Thursday, February 3, 2011

Harnessing the Power of the Enemy

And Yaakov left Be'er Sheva and headed towards Charan....

We will understand this based on the verse "And Yehoshua weakened Amalek and his nation by the sword" [Shemos 17:13]. The only reason that Esav (from whom Amalek descended) has any power over the Jewish people is because he performed one mitzvah: kibbud av - honoring his father, Yitzchak. Esav honored his father by using his sword to hunt for him. This is why Yitzchak blessed Esav that he should "live by the sword" [Bereishis 27:40] - through the mitzvah of honoring his father that he performed using his sword, he merited some power in this world. This is why the verse says "al charbecha" - "by your sword" and not "b'charbecha" - "with your sword" - by way of your sword; because of what you did with it, you shall live.

When the Jewish people wish to weaken the strength of Esav, they need not use the power of all of the 613 mitzvos, since even in the one mitzvah from which Esav draws power, the Jewish people surpass him. The Torah teaches us that Yaakov honored his father more than Esav - the Midrash relates [Targum Yonasan 27:31] that Esav could not find game to hunt so he brought a dog instead and planned to feed that to his father. This is the meaning of "and Yehoshua weakened Amalek and his nation by the sword" - even by the power of the sword that symbolizes Esav's one mitzvah of honoring his father, Yehoshua (representing the Jewish people) weakened and surpassed Amalek.

This then is the meaning of "and Yaakov left Be'er Sheva" - literally "the well of the seven". It is known that Be'er Sheva alludes to the high spiritual levels that Yaakov had achieved, since he rectified all the seven character traits, as explained in the holy writings.

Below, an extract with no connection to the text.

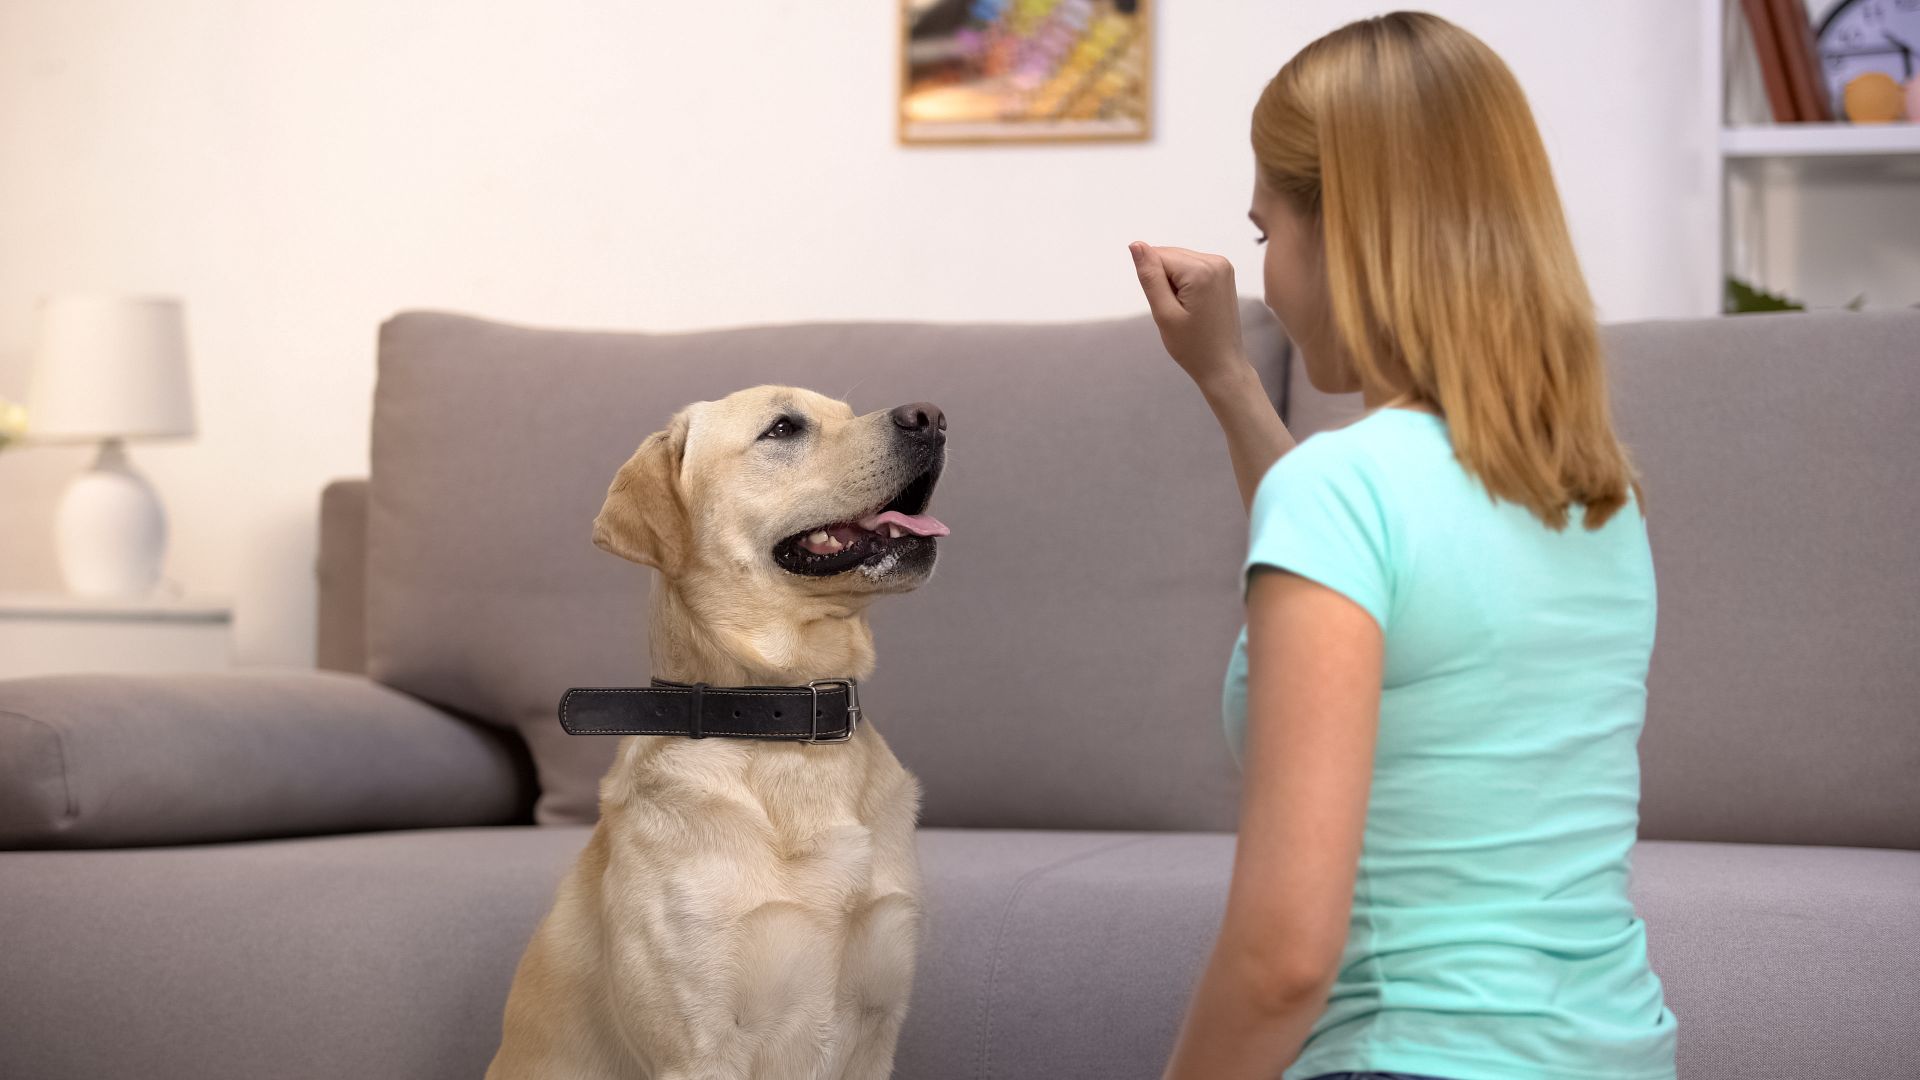 Pet owner dog training their dog at home.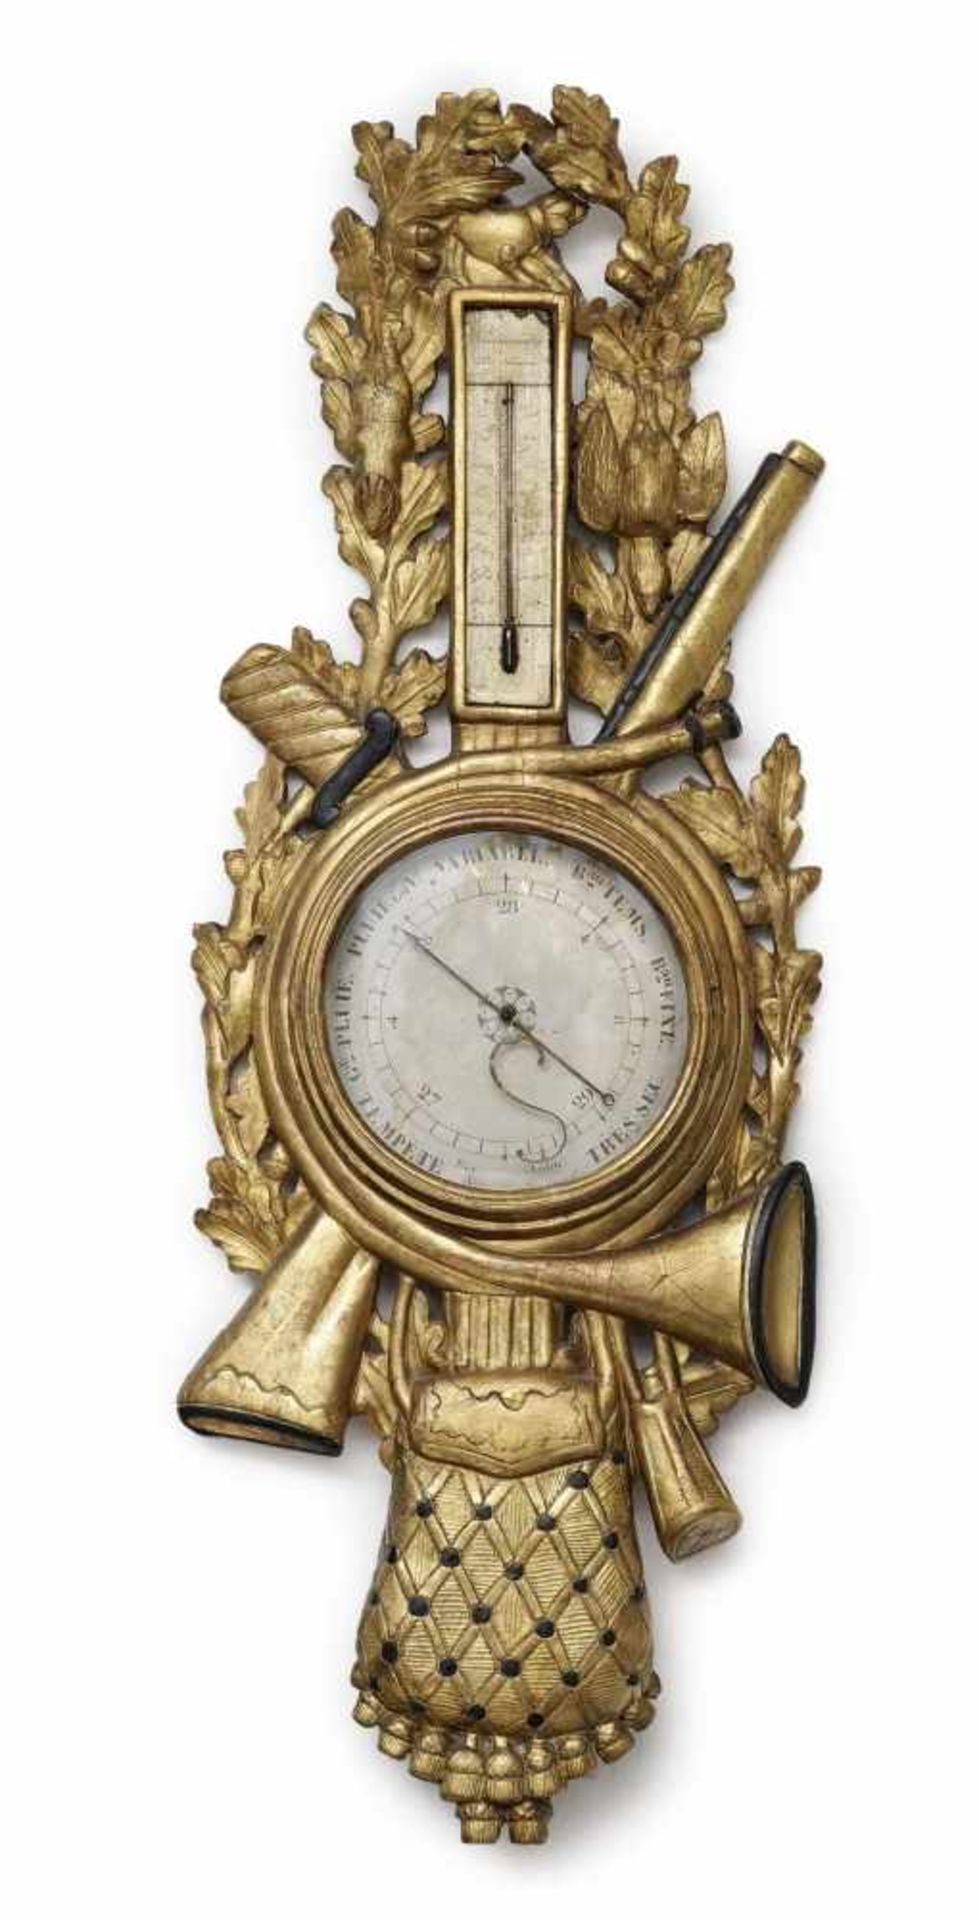 A barometerFrance (Paris), late 18th century With thermometer. Wood, carved, painted in gold.

The seven traits are the seven lower sefirot: Chesed, Gevurah, Tiferet, Netzach, Hod, Yesod and Malchut - translated as Kindness, Strength, Beauty, Victory, Splendor, Foundation and Kingship. Perhaps the Noam Elimelech is teaching us that Yaakov was able to use all of these traits to serve the Almighty.

When Yaakov faced both Esav his brother and Lavan his uncle, he didn't need to use all his lofty spiritual powers against them, rather he came with the power of "be'er sheva" - the well, or foundation, of the other seven character traits that he had rectified. "And he went to Charan" implies that he used their own power against them. Thus it says: "And he went to Charan" - with this power he faced them and defeated them. This is easy to understand.